• Task instructions:
Repeat exactly what runs from the line with "Camiseta Dsquared2 blanca" through the last line of the material, and keep the pictures out of it.

• Given material:
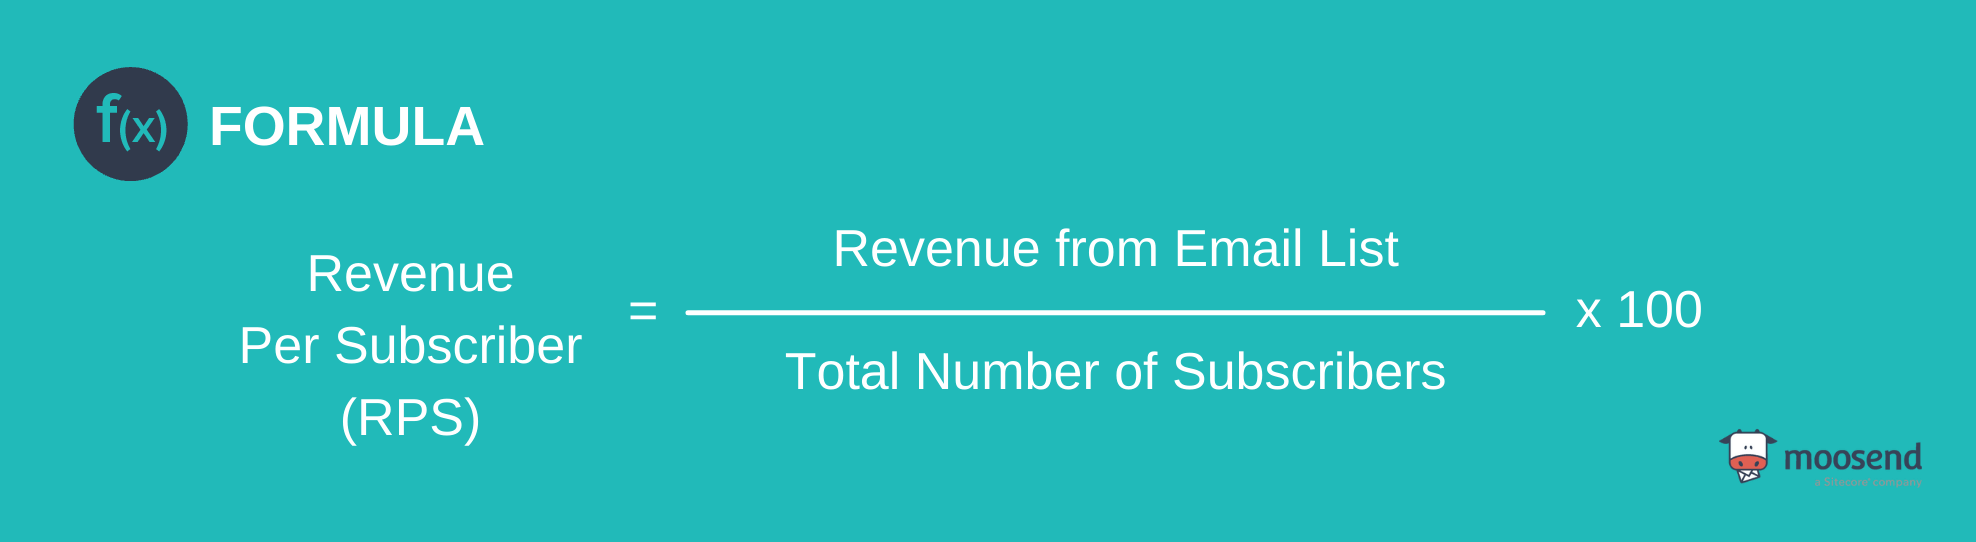 revenue per subscriber metric
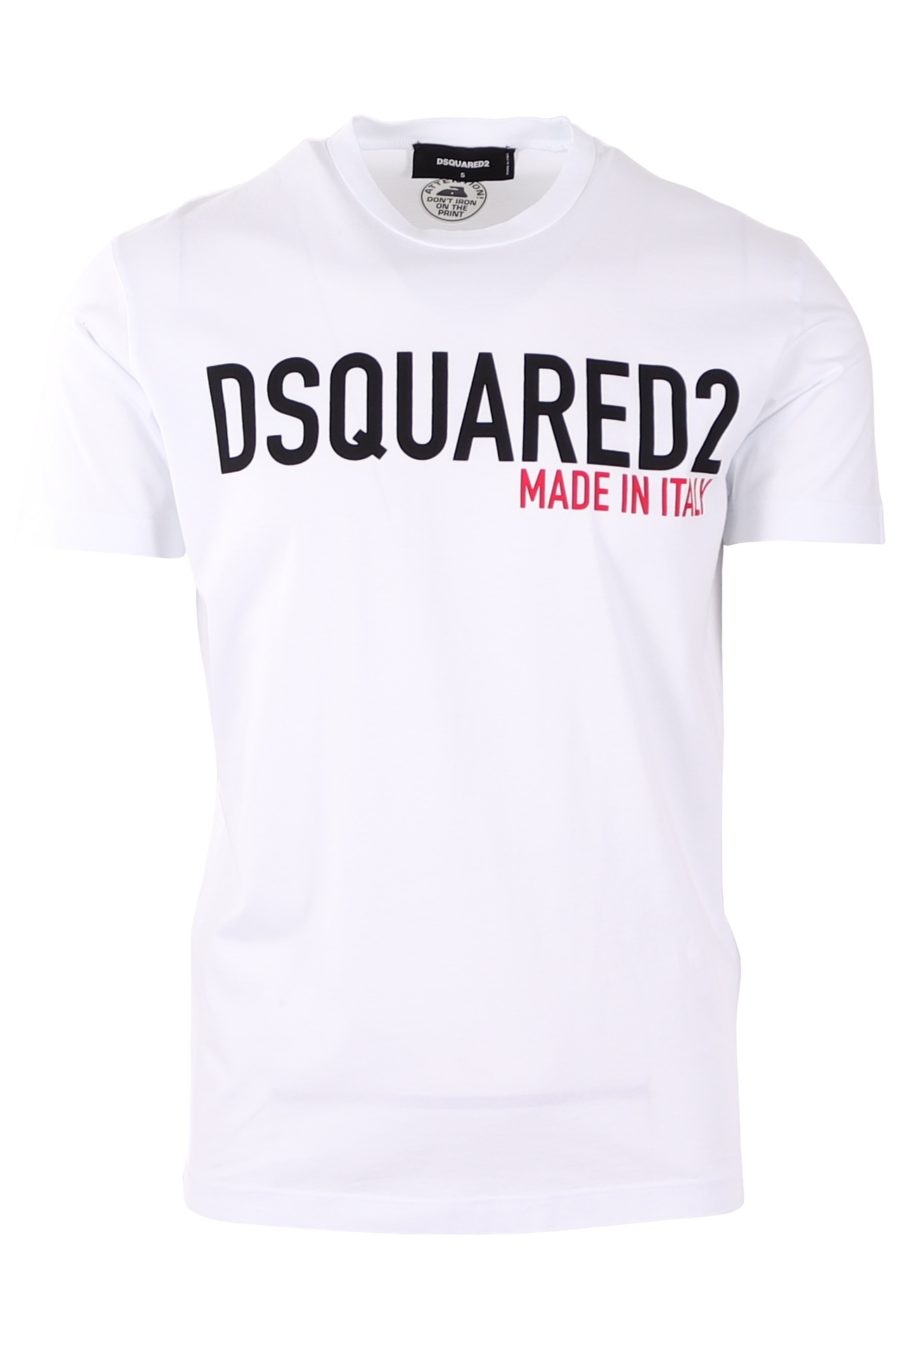 Camiseta Dsquared2 blanca logo negro made in italy - e7702cefc29715977d70494c66043222ae45d7f4
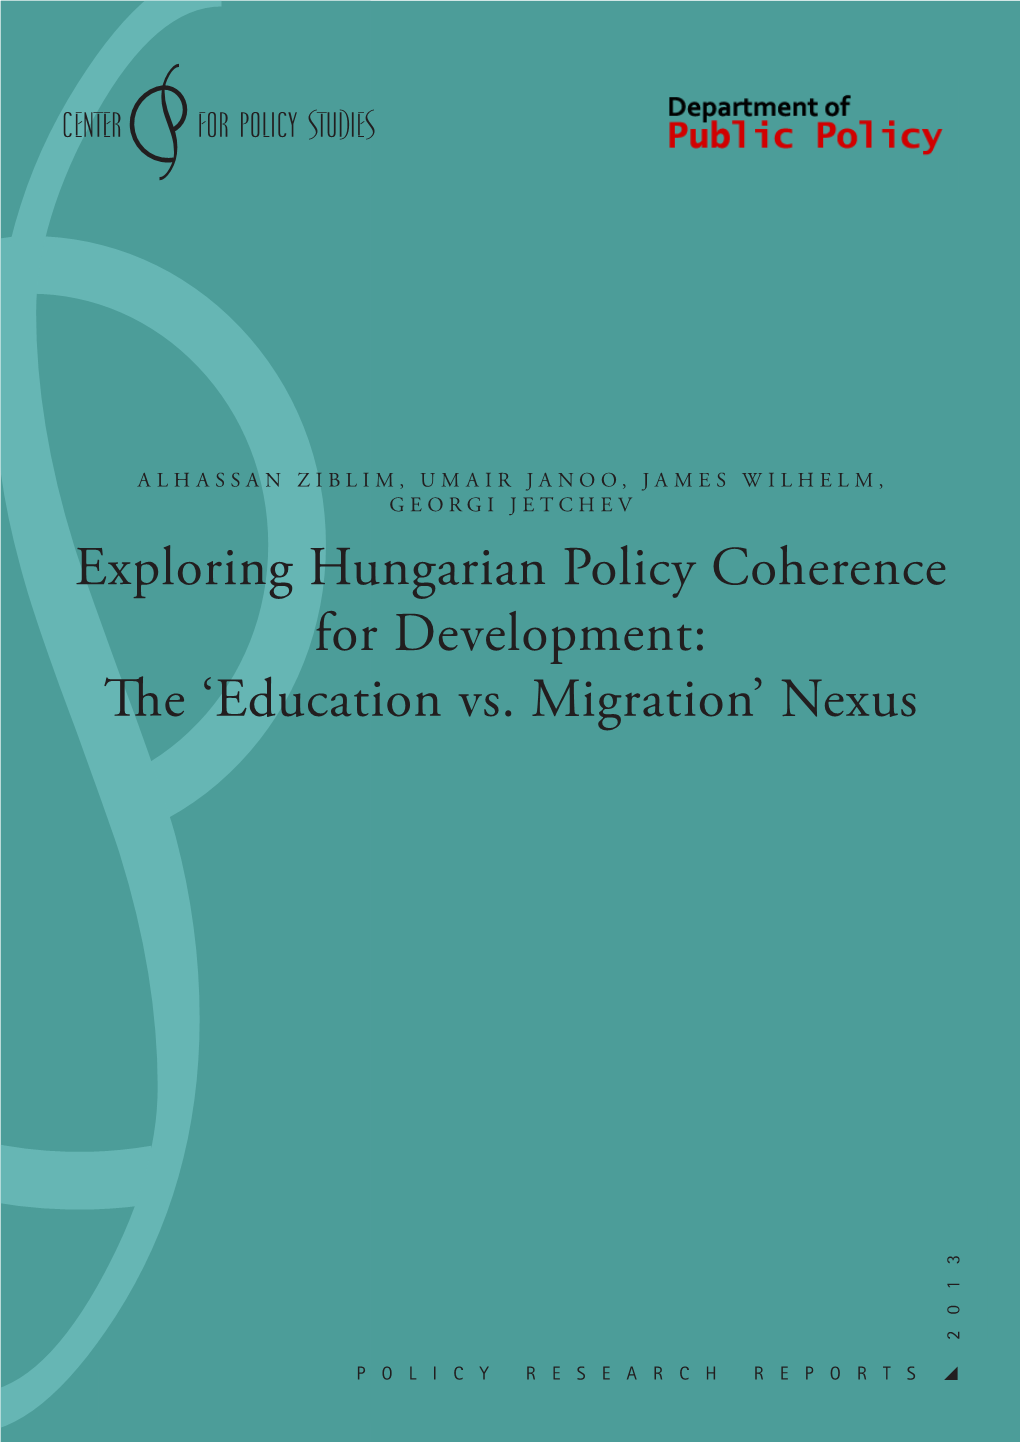 'Education Vs. Migration' Nexus
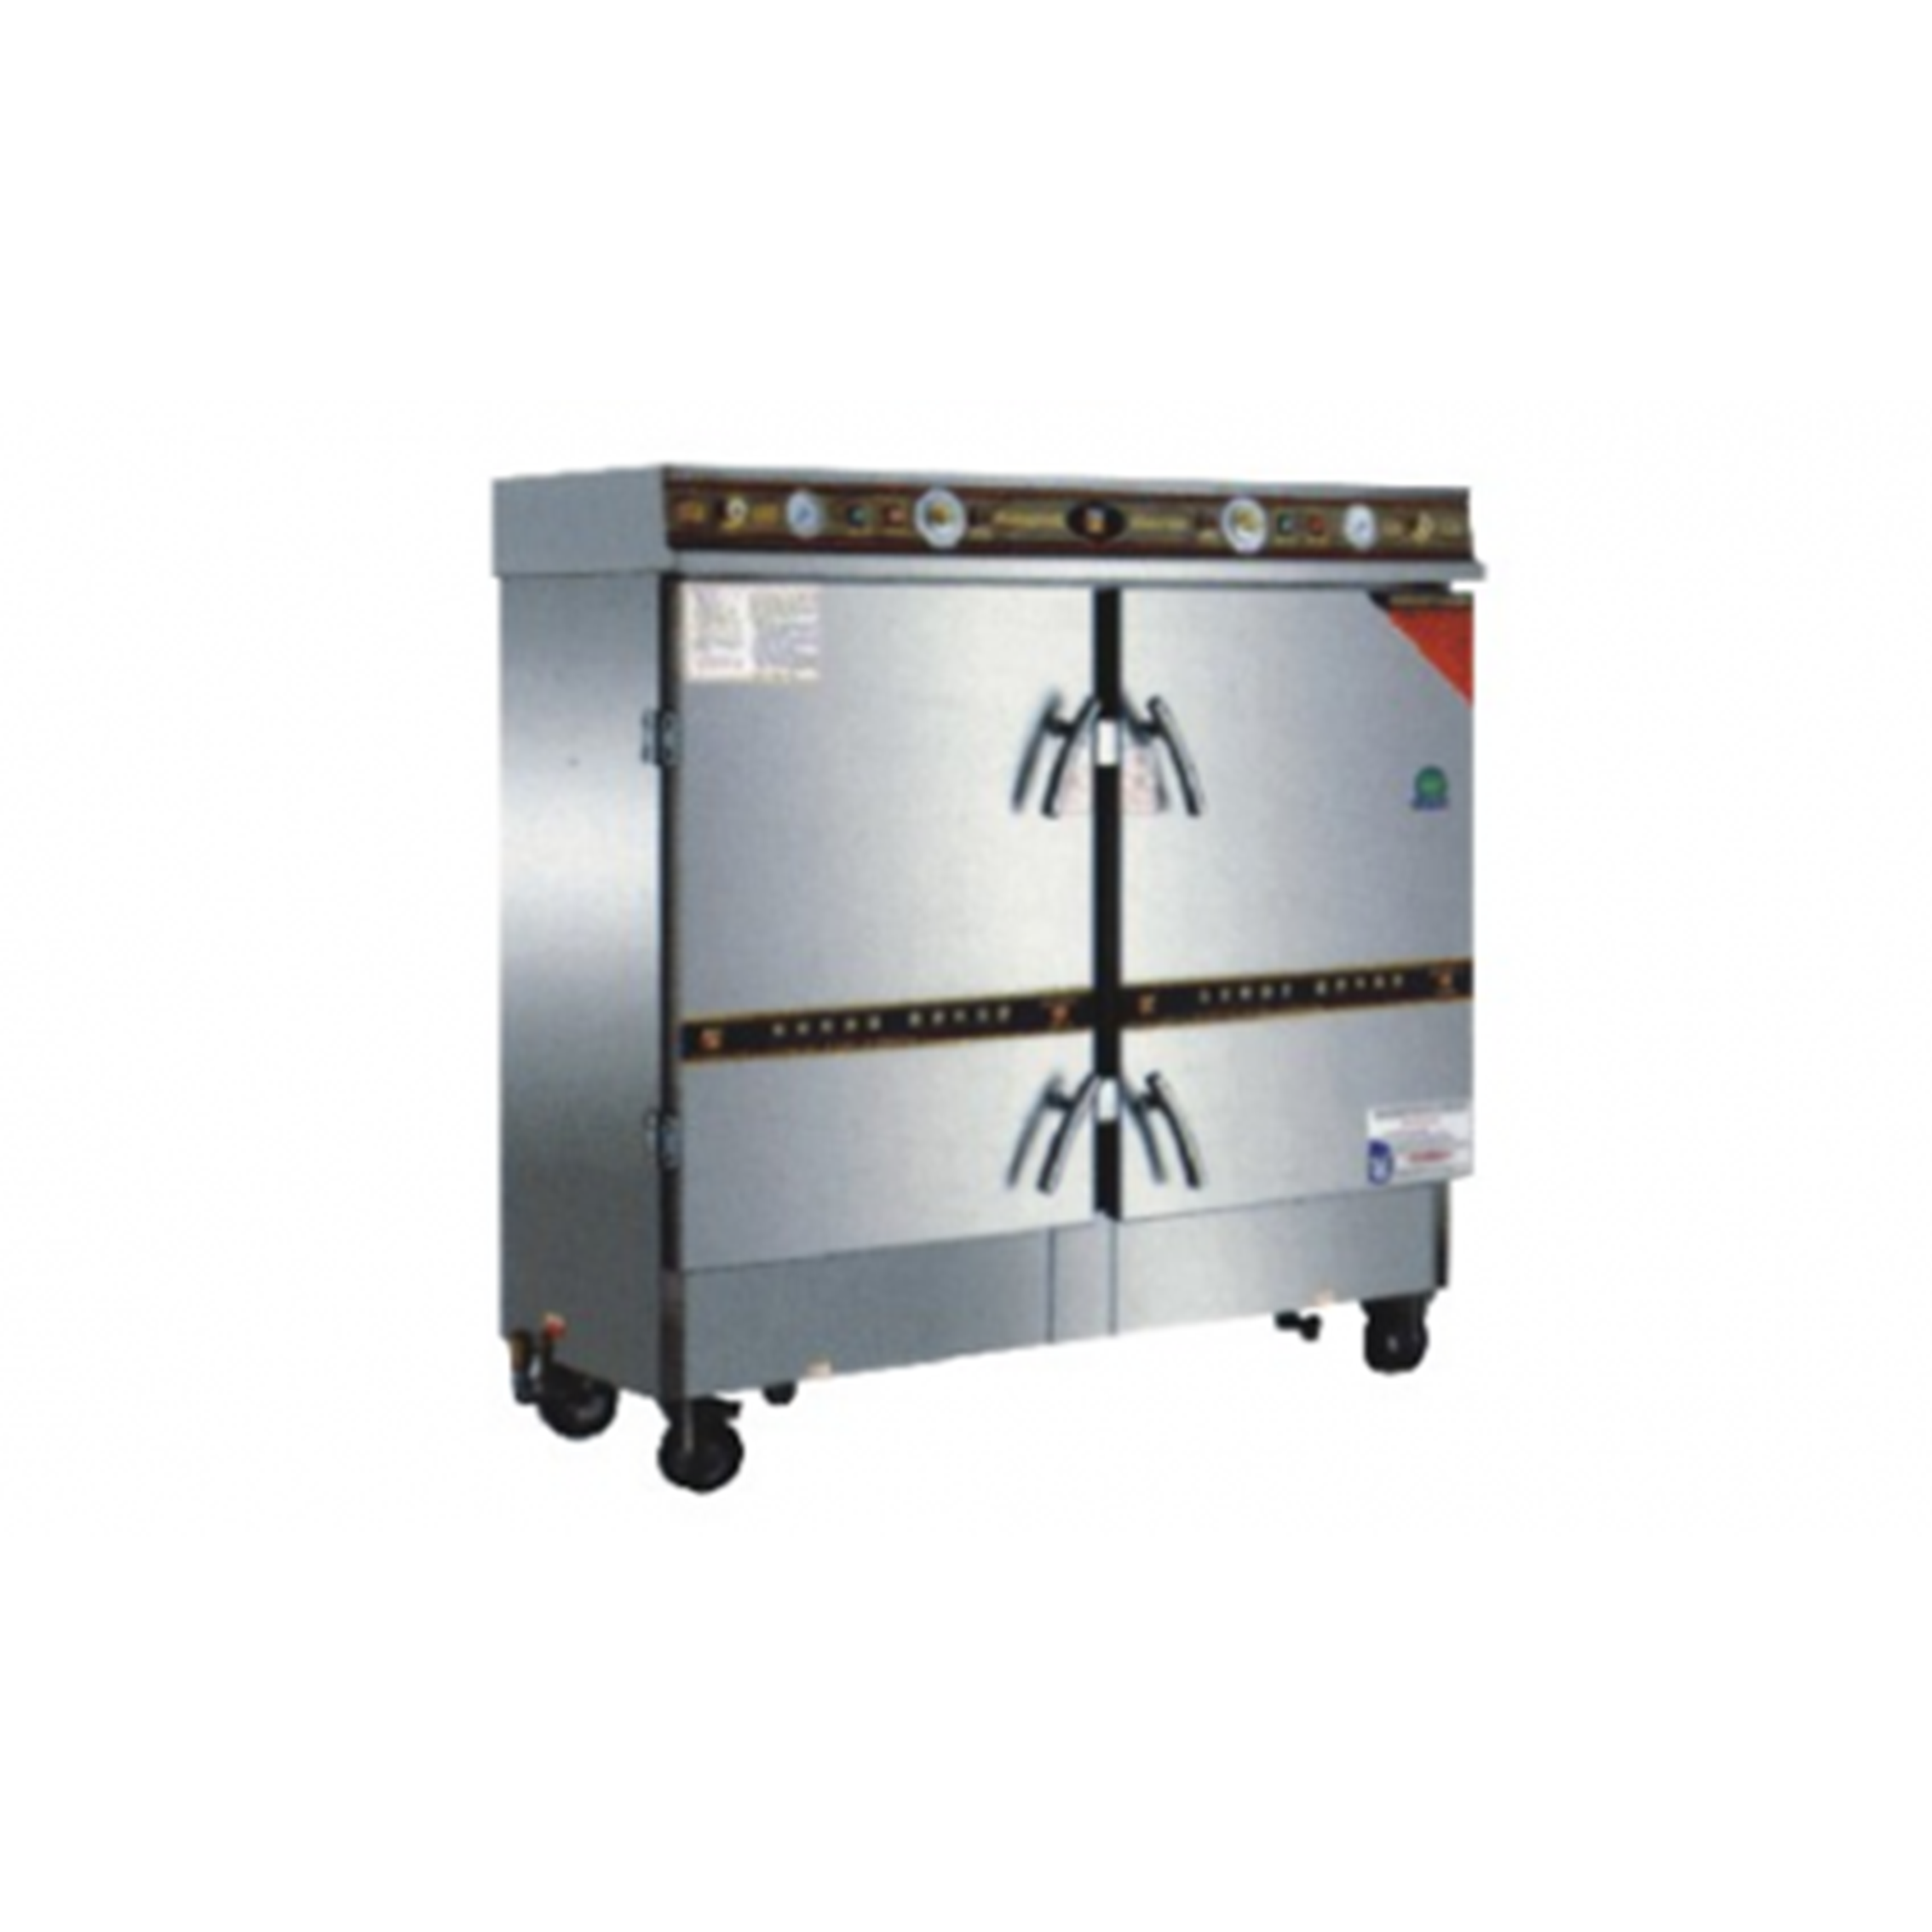 厨房设备安装技术标准生产流程

• Solved exercise:
 Camiseta Dsquared2 blanca logo negro made in italy - e7702cefc29715977d70494c66043222ae45d7f4
 'Education Vs. Migration' Nexus
 厨房设备安装技术标准生产流程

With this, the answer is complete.